Monday, May 28, 2012

Great Expectations

My main reason for this post is to try to organize my thoughts on my current situation without using other self-destructive behaviors.


Cooper and I spent the weekend together. It went great. We always have such a good time. Friday night he came to my apartment and we just snuggled and went to bed. Then Saturday, we got up and went to my favorite place in Tallahassee (Lake Ella). I then had a huge surprise for him. I planned to cook him his favorite meal, macaroni & cheese (which is a giant fear food- carbohydrates AND fats!). I was going to make it and eat it...with him...like a normal person. 


Before the meal, I feel like I may have restricted. I had a smoothie and a few coffees for the entire day up until 6ish. Then came the starchy, cheesy goodness. I was so nervous and I even admitted this to him before taking my first bite. He made it easy though. The whole time he was telling me how perfect everything was and how he wished he could get meals like this everyday. That made me feel really great, that he genuinely appreciated what I was doing for him. 

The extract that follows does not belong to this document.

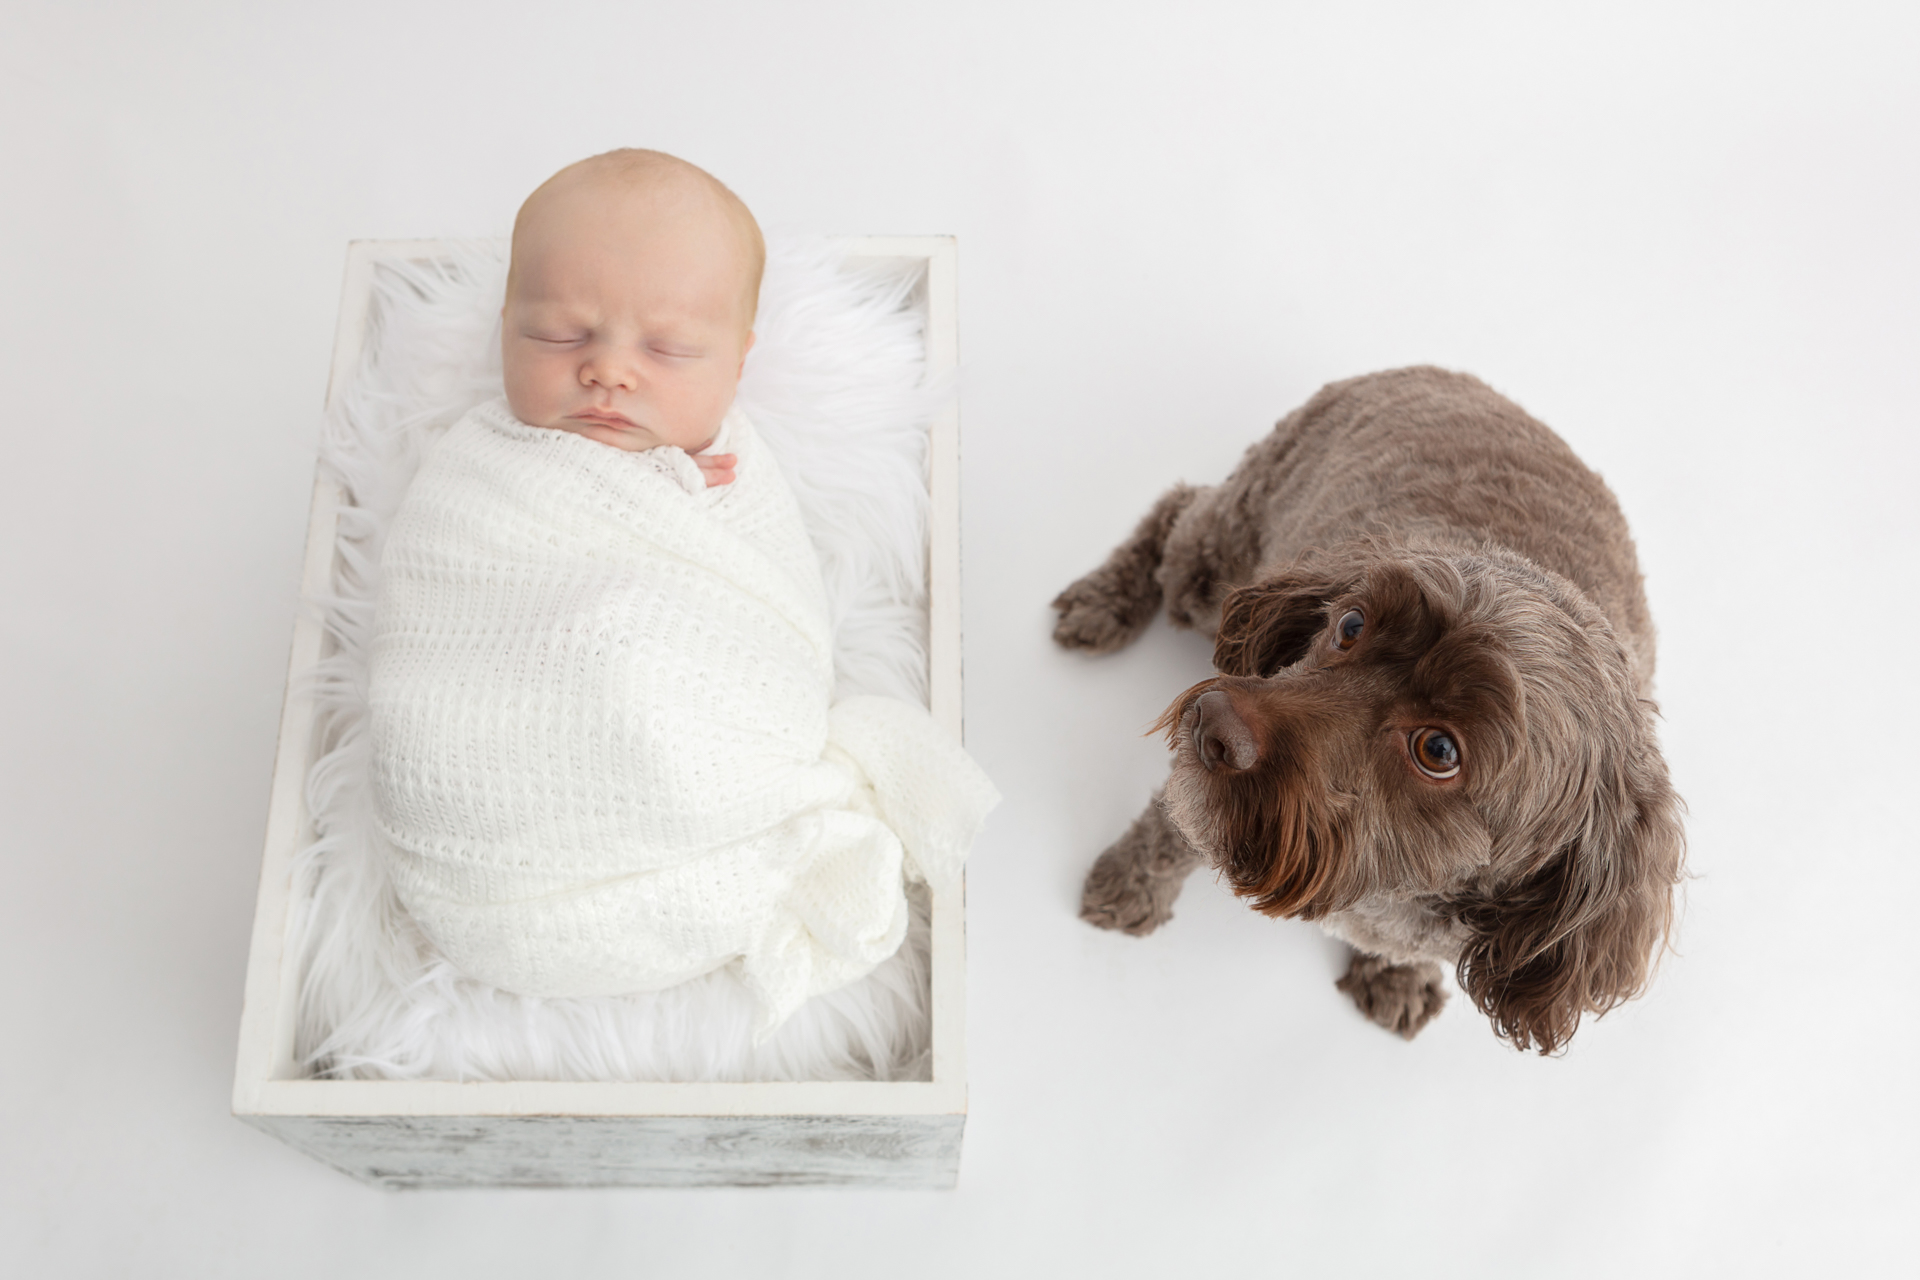 newborn photo with family dog; newborn baby boy wrapped in white; white flokati

After dinner, I had planned to take him to salsa dancing lessons! But we ended up getting there late, so we just got some drinks and left. 


If you can't tell, let me tell you something: I really like this guy. I know I've said this before, but he's clearly different from every other fella I've dated. 


And since I can obviously tell that I'm ready to perhaps commit to him, and be exclusive to him, I decided to have the talk with him today. 


I brought it up subtly, casually texting "Have you changed your Facebook status yet?".


He responded, "No. Why?"


Then he got busy with work so we didn't talk again until about an hour ago when he called me on the phone. 


My point of view is simple. I just wanted to know whether or not we were exclusive or not, and if we were "boyfriend/ girlfriend". And, of course, if it was Facebook official.


Well, I should've known. Guys always make things more complicated than they should be.


He went into this long speech about how labels have expectations and he wants to continue just doing what we've been doing. Then I told him how its a completely fair question to ask if we are exclusive or not. 


I'm just so confused right now. I never know how to think or feel when something like this happens. It feels like complete rejection. Even though he didn't say anything about leaving me. I have thought for months that I'm finally ready to be in a relationship. But am I? How will I ever know? If I'm constantly doubting myself and my partner, will I ever succeed with a man?


Just so many unanswered questions. And I have to admit, I had thoughts of cutting. Serious thoughts. But then I thought to myself He's going to see me in 2 weeks and what if he sees my scars? He'll never want me then. Sure, it's not the best reason because it was for someone else. But it's a reason. And ANY reason to not cut is a good enough reason.